Release:2017, Vol. 3. №3
About the authors:Maria A. Kunilovskaya, Cand. Sci. (Philol.), Associate Professor, Department of English Philology and Translation, Institute of Philology and Journalism, University of Tyumen; firstname.lastname@example.org
This paper sets out to develop a method of learner translation quality assessment, based on error statistics. It is used to rank student translations in descending order by their relative quality. It means that each translation is assessed in comparison with other translations of the same text. The resulting rating can be converted into absolute values such as grades or number of points earned if necessary. The authors use expert assessment conducted within a holistic approach as a quality standard.
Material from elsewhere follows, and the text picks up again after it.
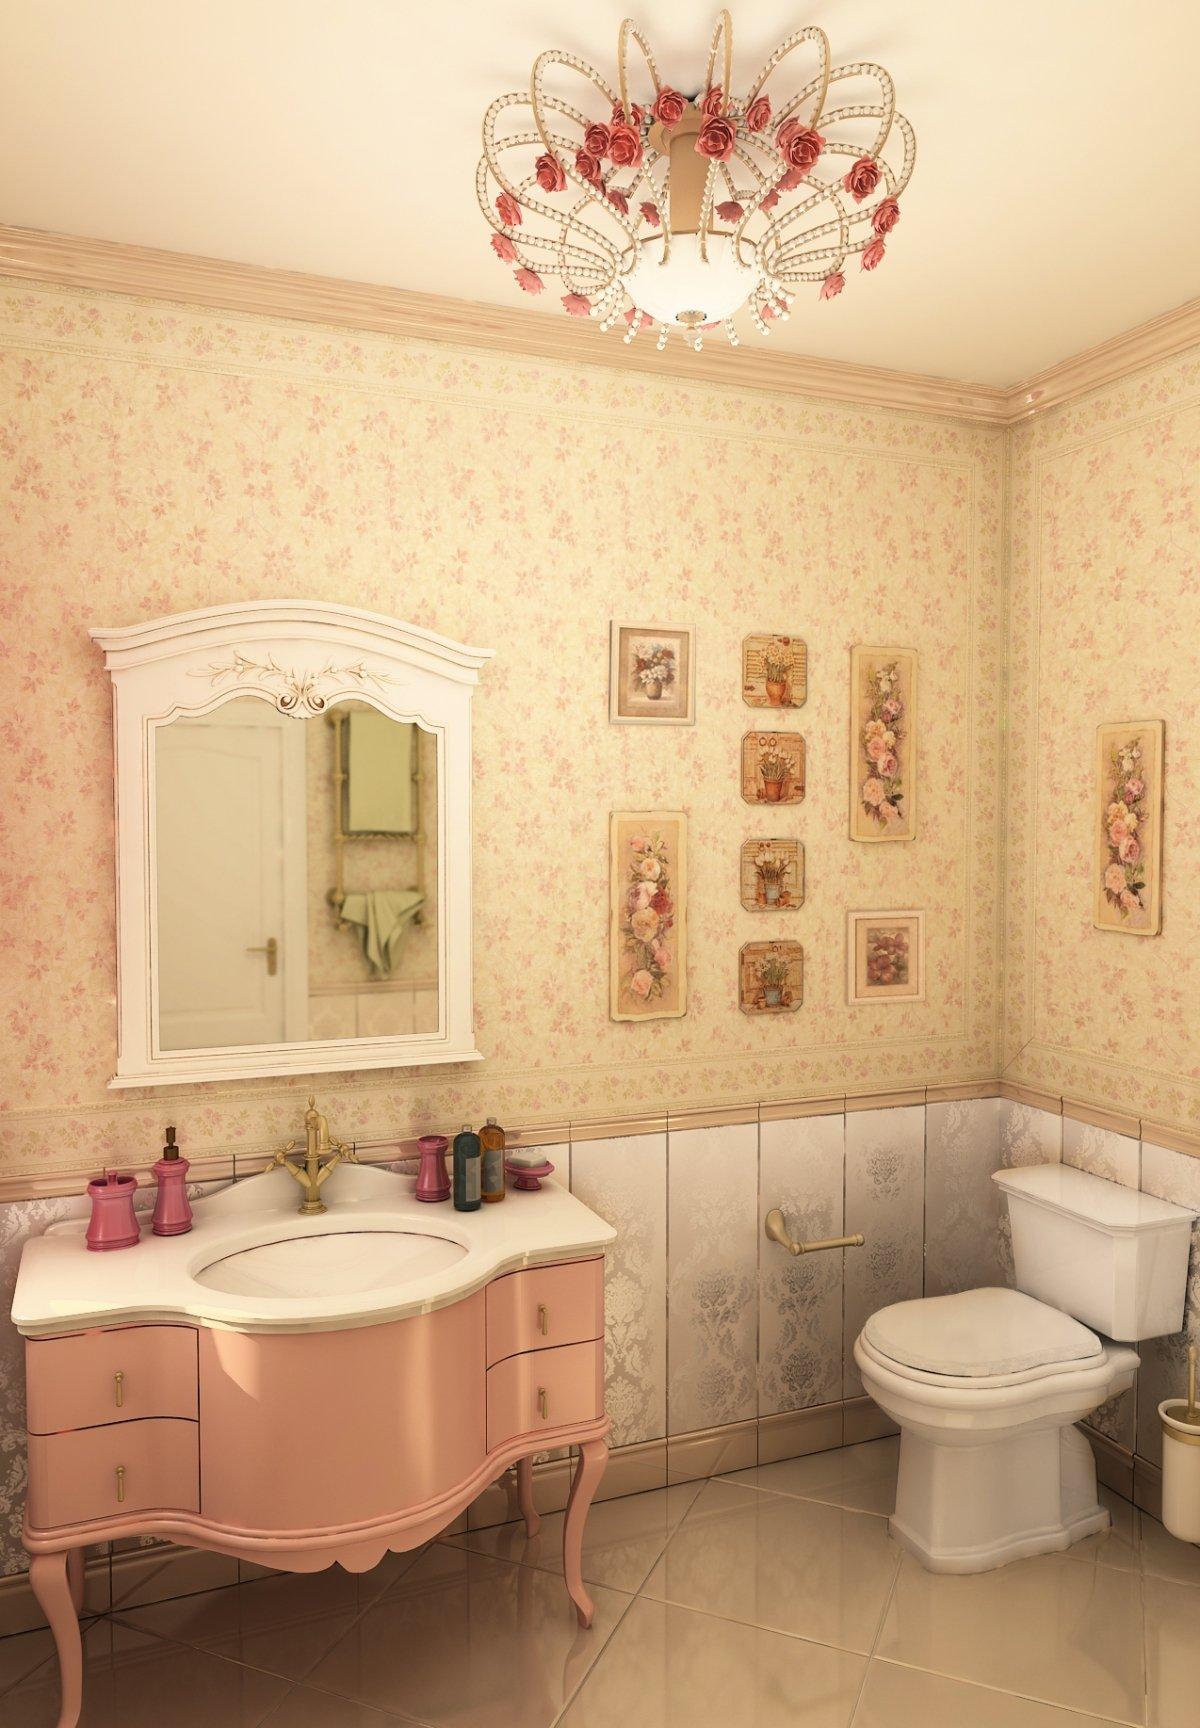 Casa-Rialto-Amenajare-Interioara-In-Stil-Clasic-19
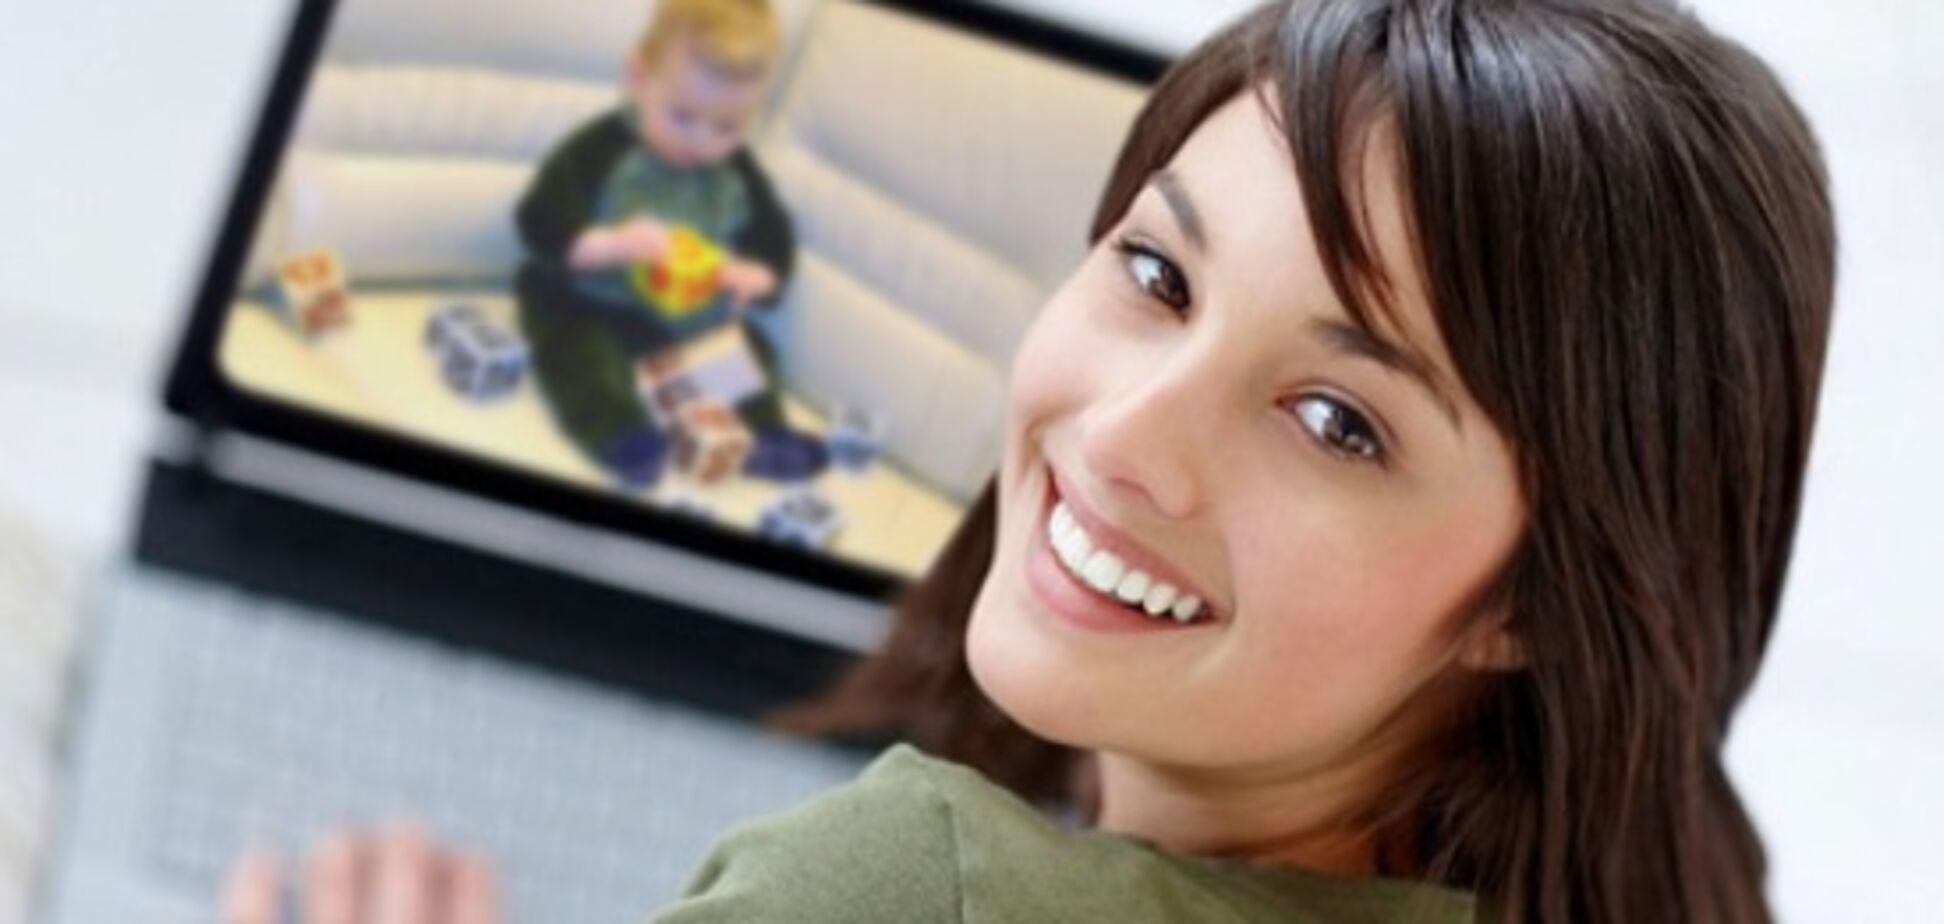 Для спокойствия родителей: в киевских детсадах могут установить видеокамеры

In this research the rank order of multiple translations to the same source is effected as a statistical approximation to the consensus rating produced for the same texts from independent ratings by three experts. This paper has a brief description of the error typology and its technical implementation, as well as of the corpus project behind this research. The agreement statistics used in the experiment show that the best results are achieved, if the error categories, discussed in the paper, are accounted for in the multiple sort of translations in the following order: 1) critical, 2) content and 3) total. The authors suggest that it makes sense to manually adjust the ranking to the number of annotated “good translational solutions”. Finally, the authors outline the current and perspective uses of the learner translator corpus and its error-annotated part in translator education.